成分表示を自分たちでチェックし、現場の状況に合わせて換気を強めたり、適切な手袋を選んだりと、実態に即した安全策を講じていく形になります。
ストレスチェック制度の義務拡大
働く人のメンタルヘルス不調を未然に防ぎ、早期発見することを目的とした「ストレスチェック」の実施が、2026年4月から、従業員数に関わらず、すべての事業場で義務化されます。
これまでは50人以上の職場のみが対象でしたが、法改正により小規模な店舗やオフィスも対象となります。
具体的には、年1回の検査を行い、高ストレスと判定された従業員のうち希望者には医師による面接指導を会社が手配する体制を整えなければなりません。心の健康を個人任せではなく組織全体で守る仕組みへと変わるため、小規模事業所も早めの準備が求められています。
労働安全衛生法の改正、負の側面は?
改正によって、個人事業者も安全衛生の義務主体として位置付けられ、安全教育の受講や機械点検などを自ら行う必要が出てきます。
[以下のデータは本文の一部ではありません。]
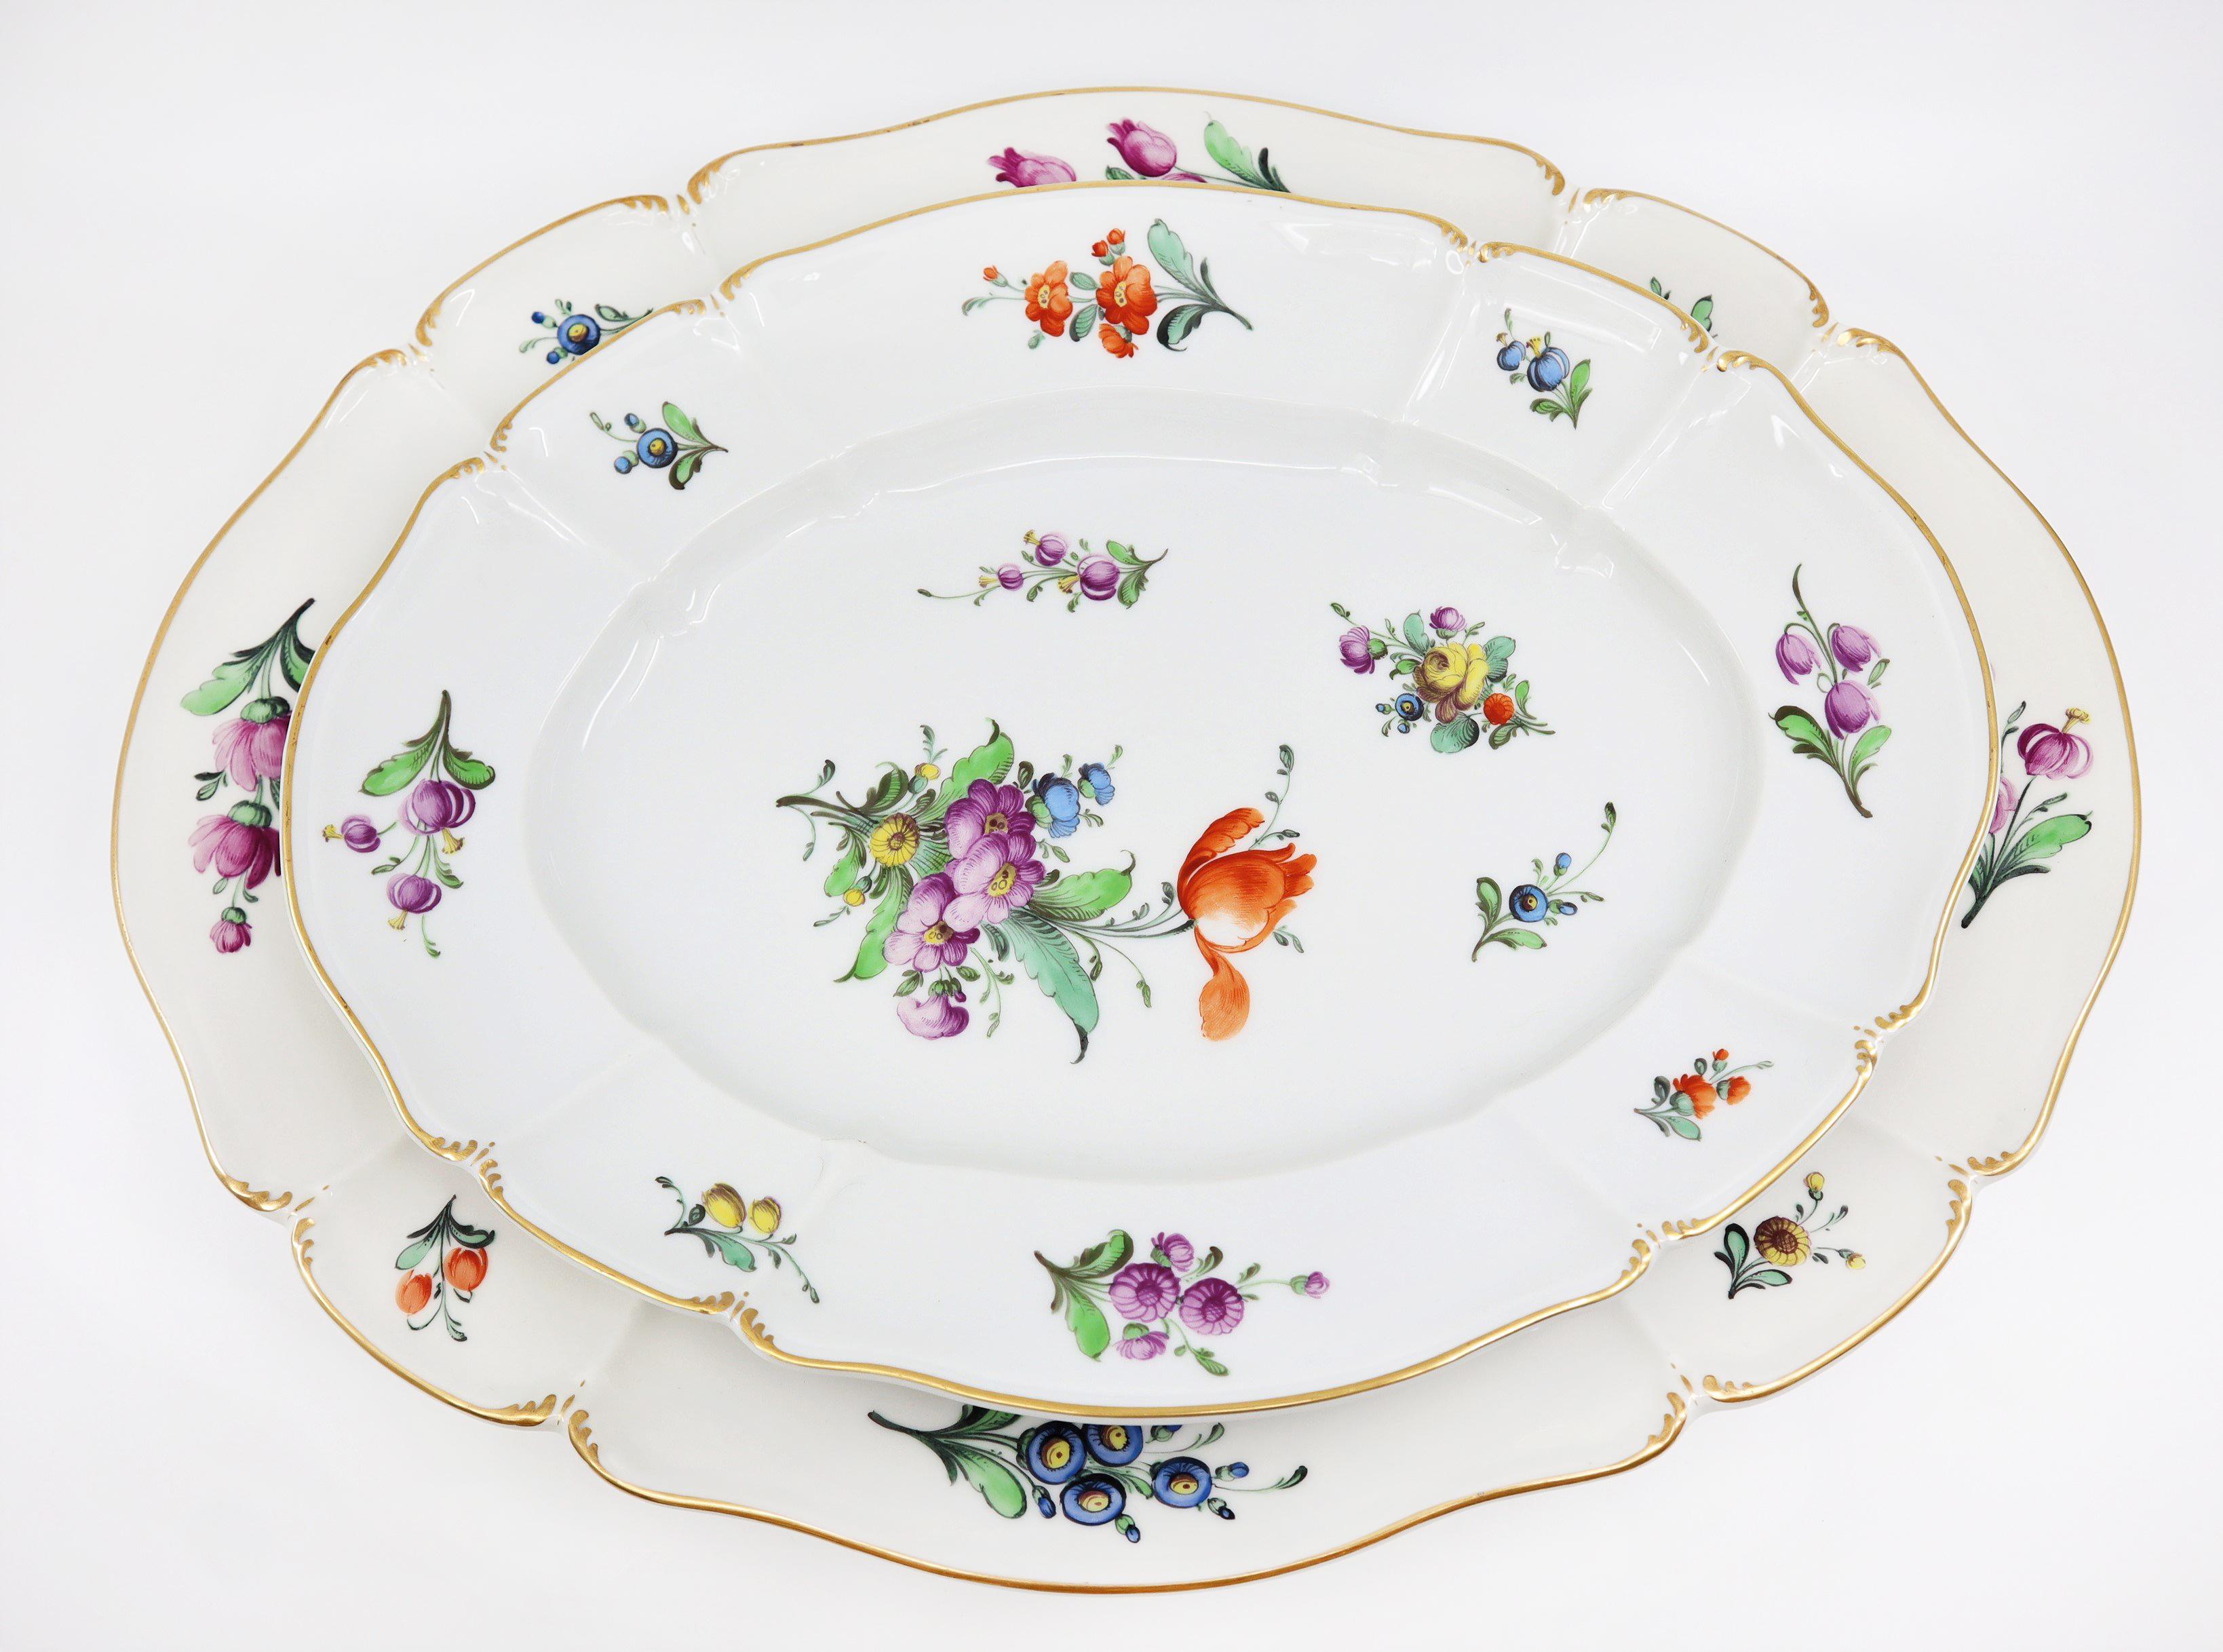 Dinner Service, 19th Century Porcelain, German, Hand Painted with Flowers Décor 5

また、ストレスチェックが小規模事業所まで広がることで、個人情報の取り扱いに不安を感じる人や、受検自体を負担に感じる人も出る可能性があります。さらに、安全対策の強化により作業手順が増え、結果として働く時間や業務量が制約され、業務効率が落ちたと感じるケースも考えられます。制度の目的は健康の確保ですが、短期的には自由に働きづらくなったと感じる人が出る可能性がある点は課題と言えます。